I have a set of treatment estimates from randomized trials that I’m trying to better model. All of the interventions, each belonging to one of several broad intervention categories, attempted to improve student attendance, with vary degrees of success. Each of the treatment estimates comes from a Poisson regression run in R, with the resulting (untransformed) estimates and covariance passed in as data to Stan. What I’m also trying to do, and what I suspect I might have done poorly, is to expand my Stan model so that it also takes in the mean absence rate from the control group in each trial (along with another covariance matrix for this). As various people have pointed out, if the control mean in an RCT is correlated with the treatment effect, and you build this into your model, maybe you can get better inference on the estimated true treatment effects and estimated true heterogeneity in effects.
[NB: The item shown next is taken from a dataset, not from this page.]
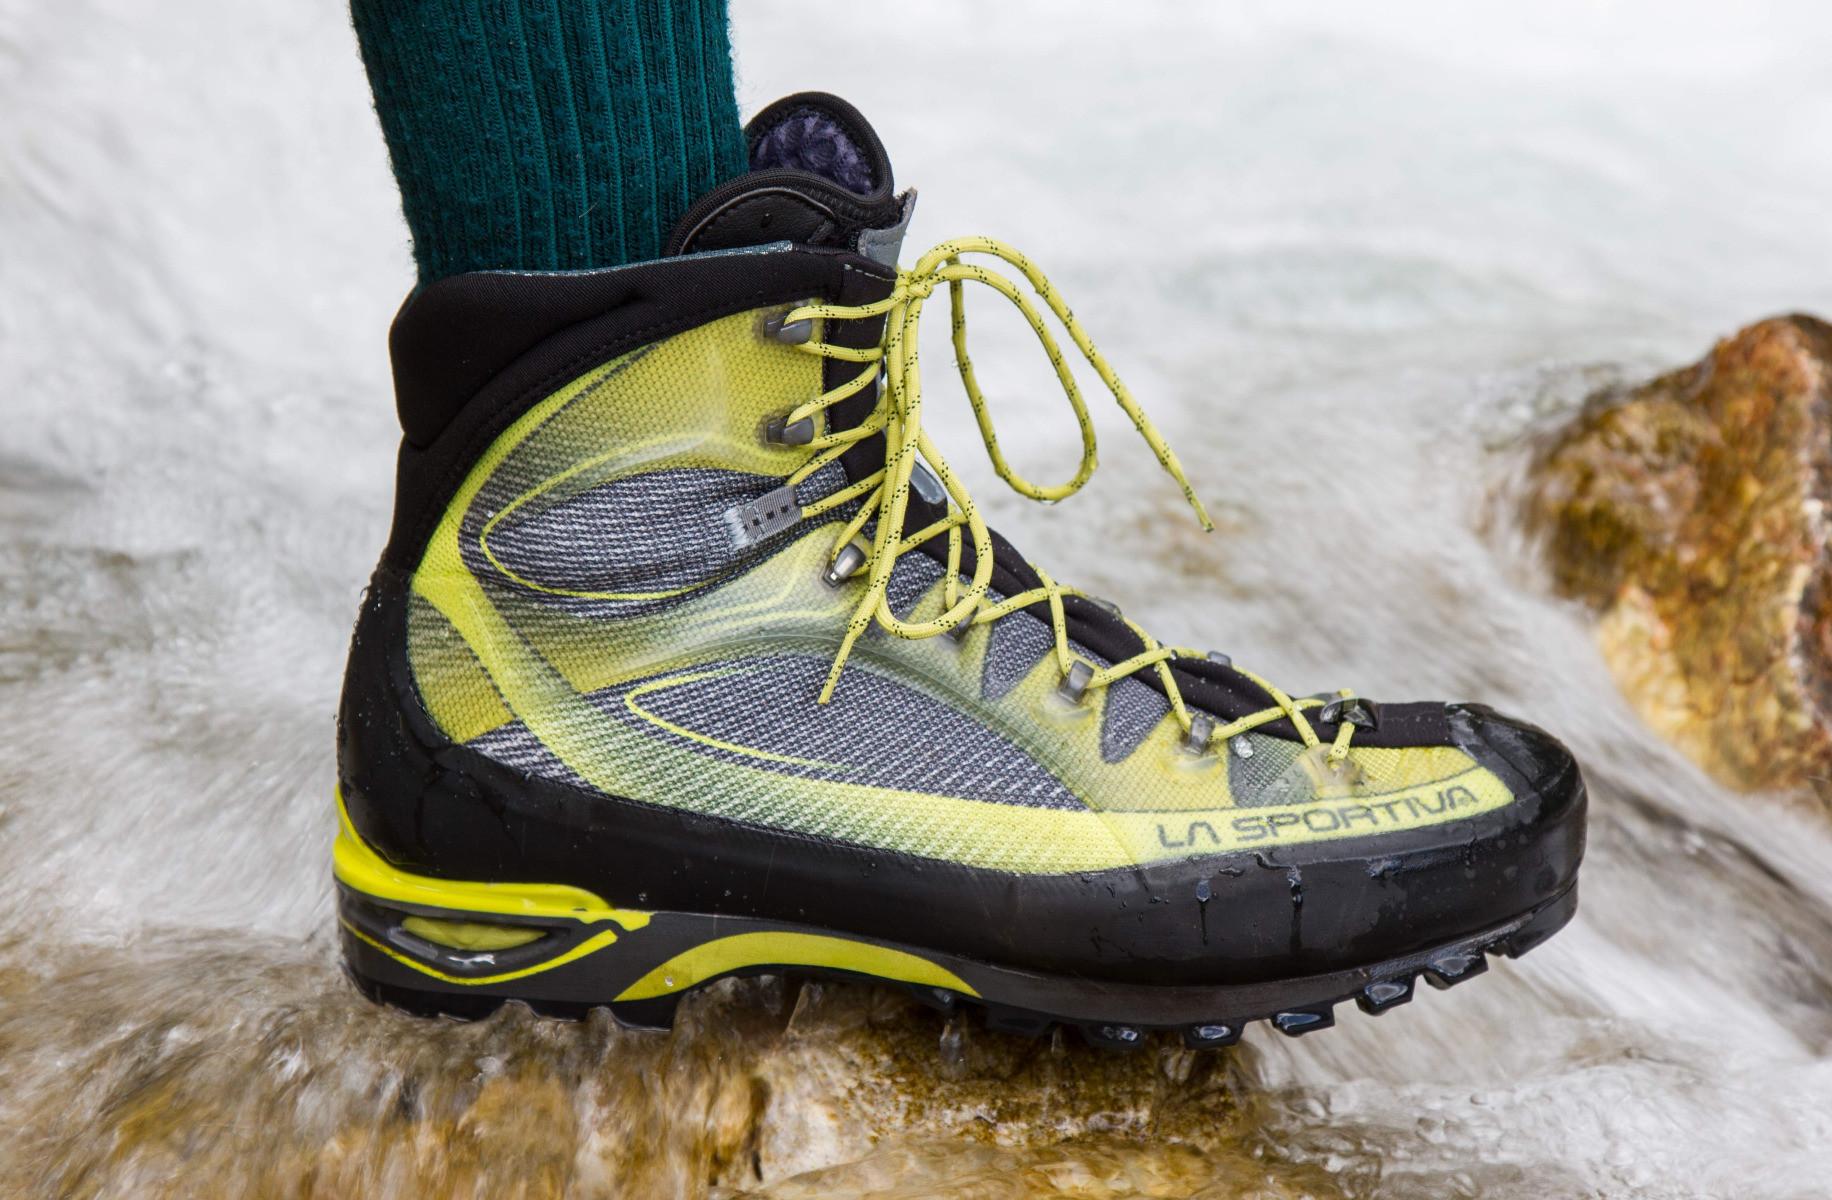 Klettersteigschuhe : Aktuelle alpin und klettersteigschuhe im bergleben test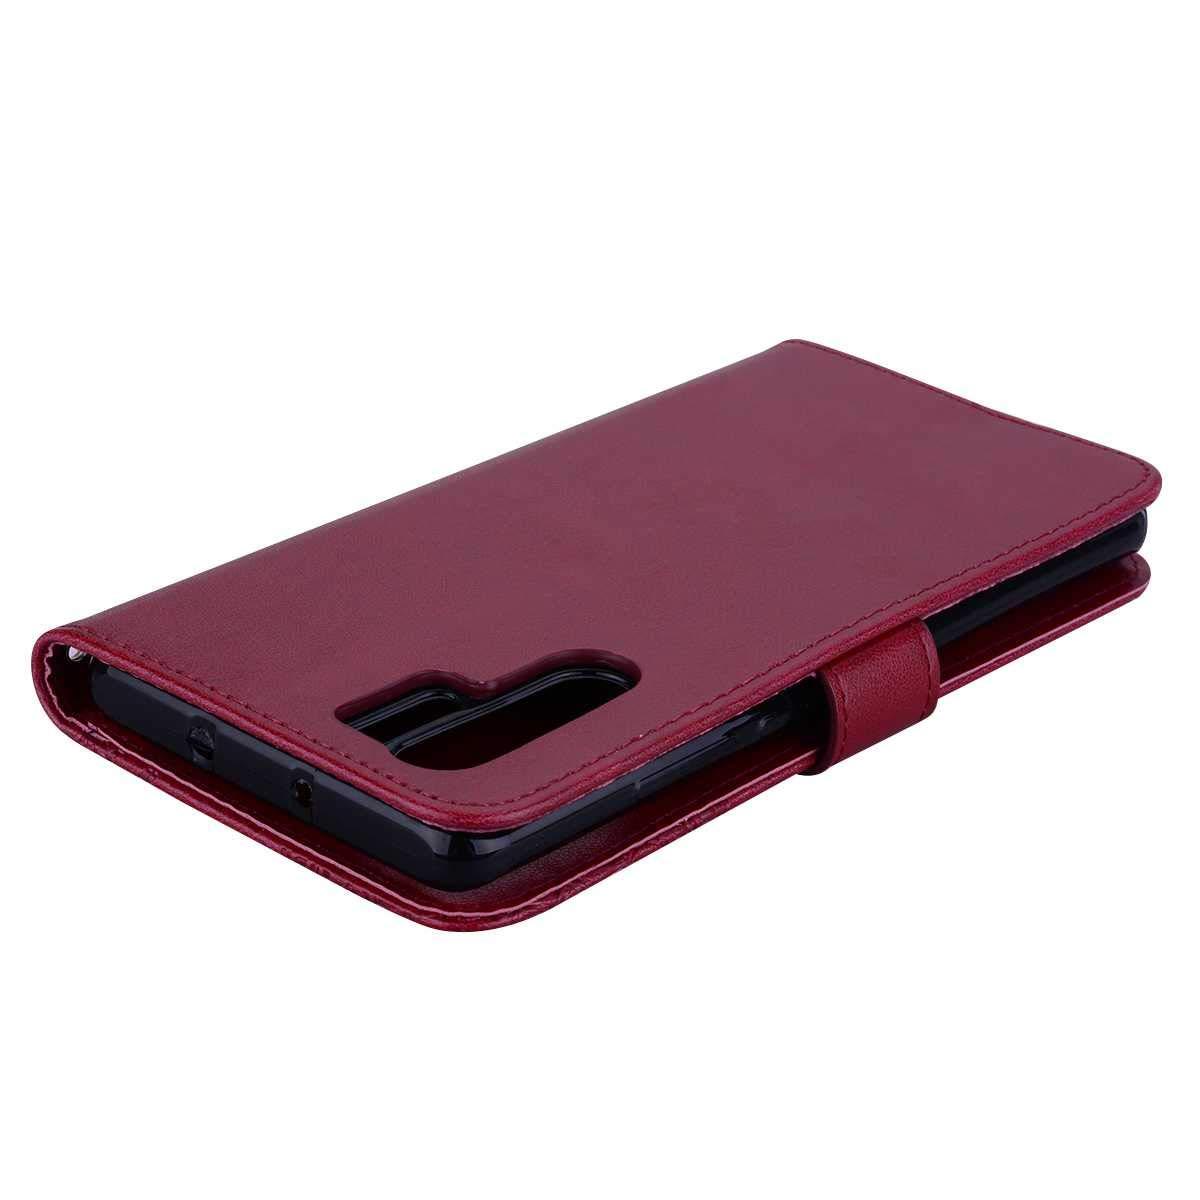 Brieftasche Leder Schutzh/ülle mit Kartenfach Gold Bear Village/® Huawei P30 Pro H/ülle Eule Magnet Verschluss Klapp St/änder H/ülle f/ür Huawei P30 Pro

One complicating factor is that many of the trials had more than one treatment arm and a single control arm. In which case there is of course only one control mean absence rate for that trial’s set of treatment estimates. So I try to have one lambda – what I call the true mean absence rate parameter – for each trial be correlated with a set of thetas – what I call the true treatment effect parameters for the treatment estimates. I also (believe) I set up the model to estimate just a single correlation between each lambda and set of thetas across all trials, along with a single mean and variance for all the lambdas. Whereas I allow the mean and variation in the thetas to depend on the intervention type.
This model compiles and samples – but the sampling is poor. I run 4 chains with 8000 iterations. There were 22 divergent transitions, which doesn’t seem too terrible. But I also get warnings about ~16000 transitions exceeding max treedepth, 1 chain with low BFMI, that the largest R-hat was NA, and that ESS was too low. This seems like just about every warning that Stan throws.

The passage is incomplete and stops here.